# Max and Xavier



## Relayer (Apr 29, 2010)

I guess the brag is for the Xavier the savannah cat!! He's a dog whisperer... watch, you can almost hear him say "chttt!" just before he taps Max.  Two short clips...

MOV00421.flv video by Relayer59 - Photobucket

MOV00422.flv video by Relayer59 - Photobucket


----------



## Trina (Sep 11, 2009)

Looks like those two are BFF, that's great!


----------



## JakodaCD OA (May 14, 2000)

toooo cute ! Glad they have each other for buddies I'd love to get a savannah kitty one day


----------



## Whitedog404 (Mar 25, 2010)

The animals are great, but I'm impressed that you have a white couch with a puppy.


----------



## Relayer (Apr 29, 2010)

Whitedog404 said:


> The animals are great, but I'm impressed that you have a white couch with a puppy.

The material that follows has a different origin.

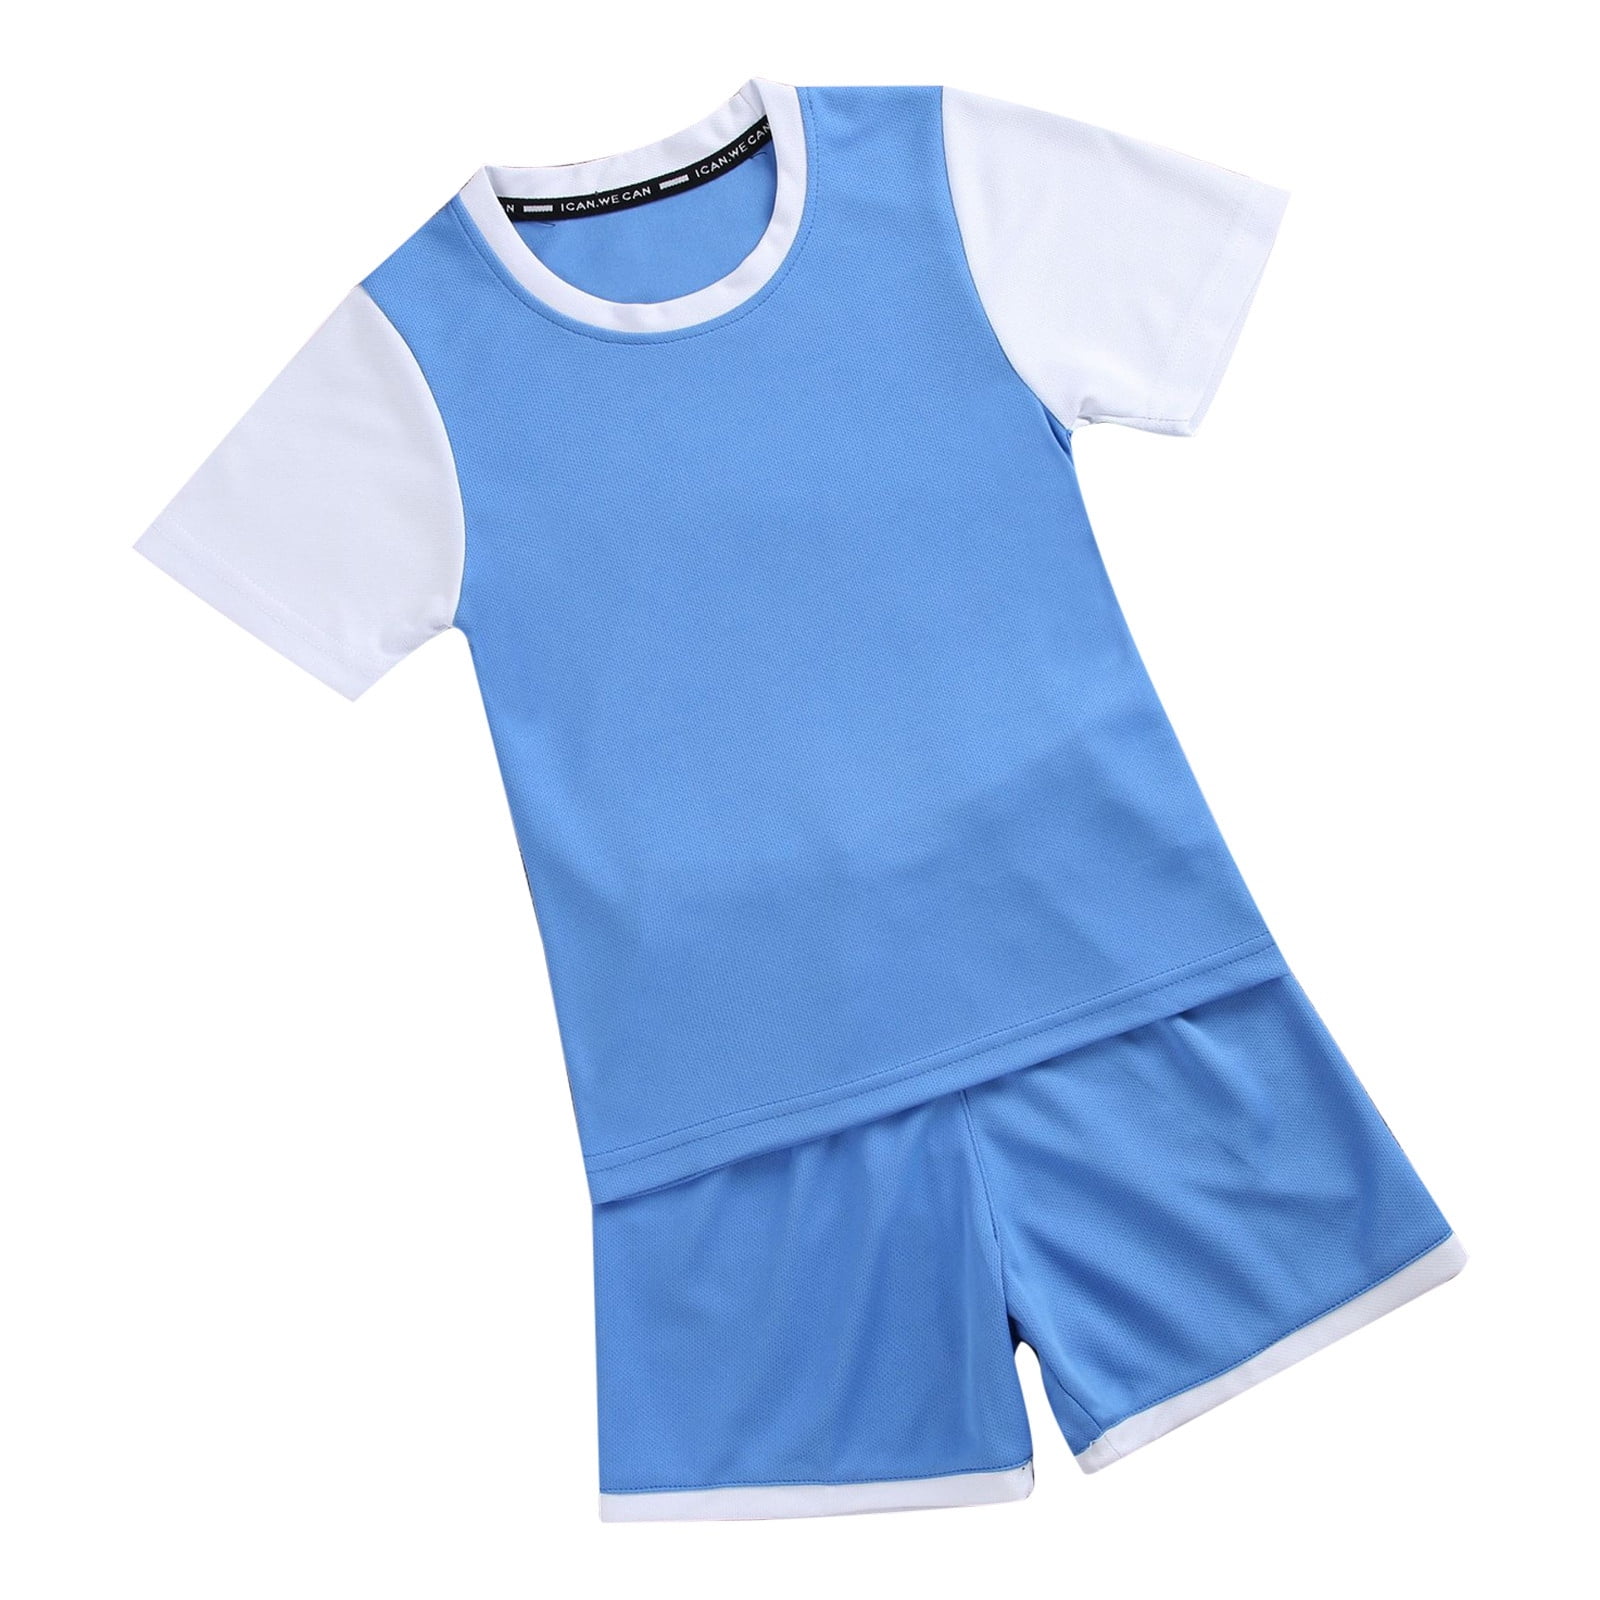 Boys Outfits Set Children's Basketball Clothes Boys' Girls' Primary And ...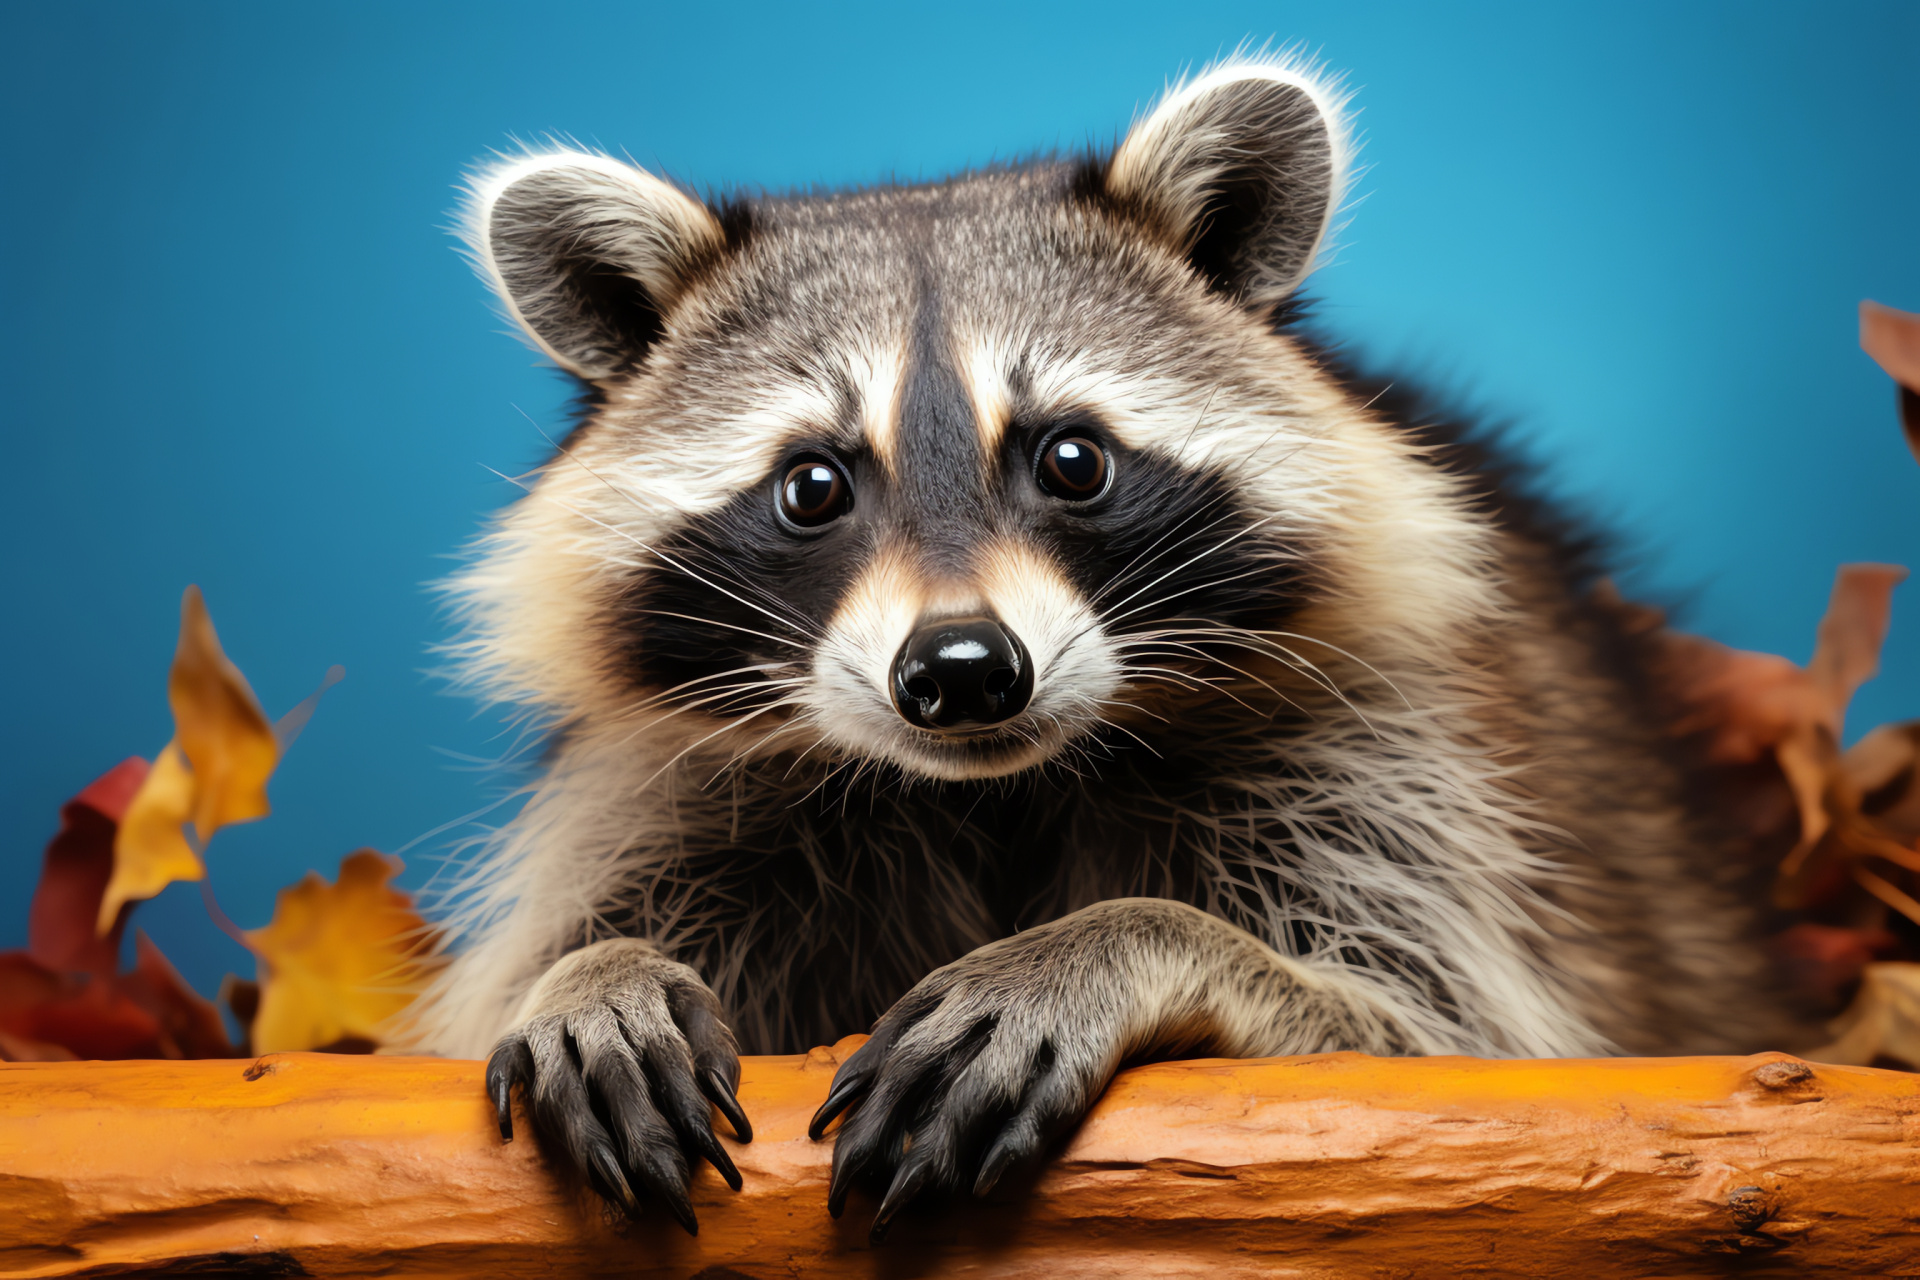 Raccoon, tranquil pose, contrasting shades, fluffy appearance, varicolored setting, HD Desktop Image

LOL, don't be too impressed, the couch came before the pup!! I don't feel good about the couch's future, but we'll try!!


----------



## Relayer (Apr 29, 2010)

JakodaCD OA said:


> toooo cute ! Glad they have each other for buddies I'd love to get a savannah kitty one day


Savannah cats are simply the best and smartest cats I've ever had. Sort of the GSD of cats!


----------



## Relayer (Apr 29, 2010)

Trina said:


> Looks like those two are BFF, that's great!


They are BFF, I just hope it's forever. I haven't video camed it yet, but they have recently started literally jumping on top of each other and mouthing one another pretty vigorously. I do pray that Max doesn't bite him too hard some day... that would really, well... bite.


----------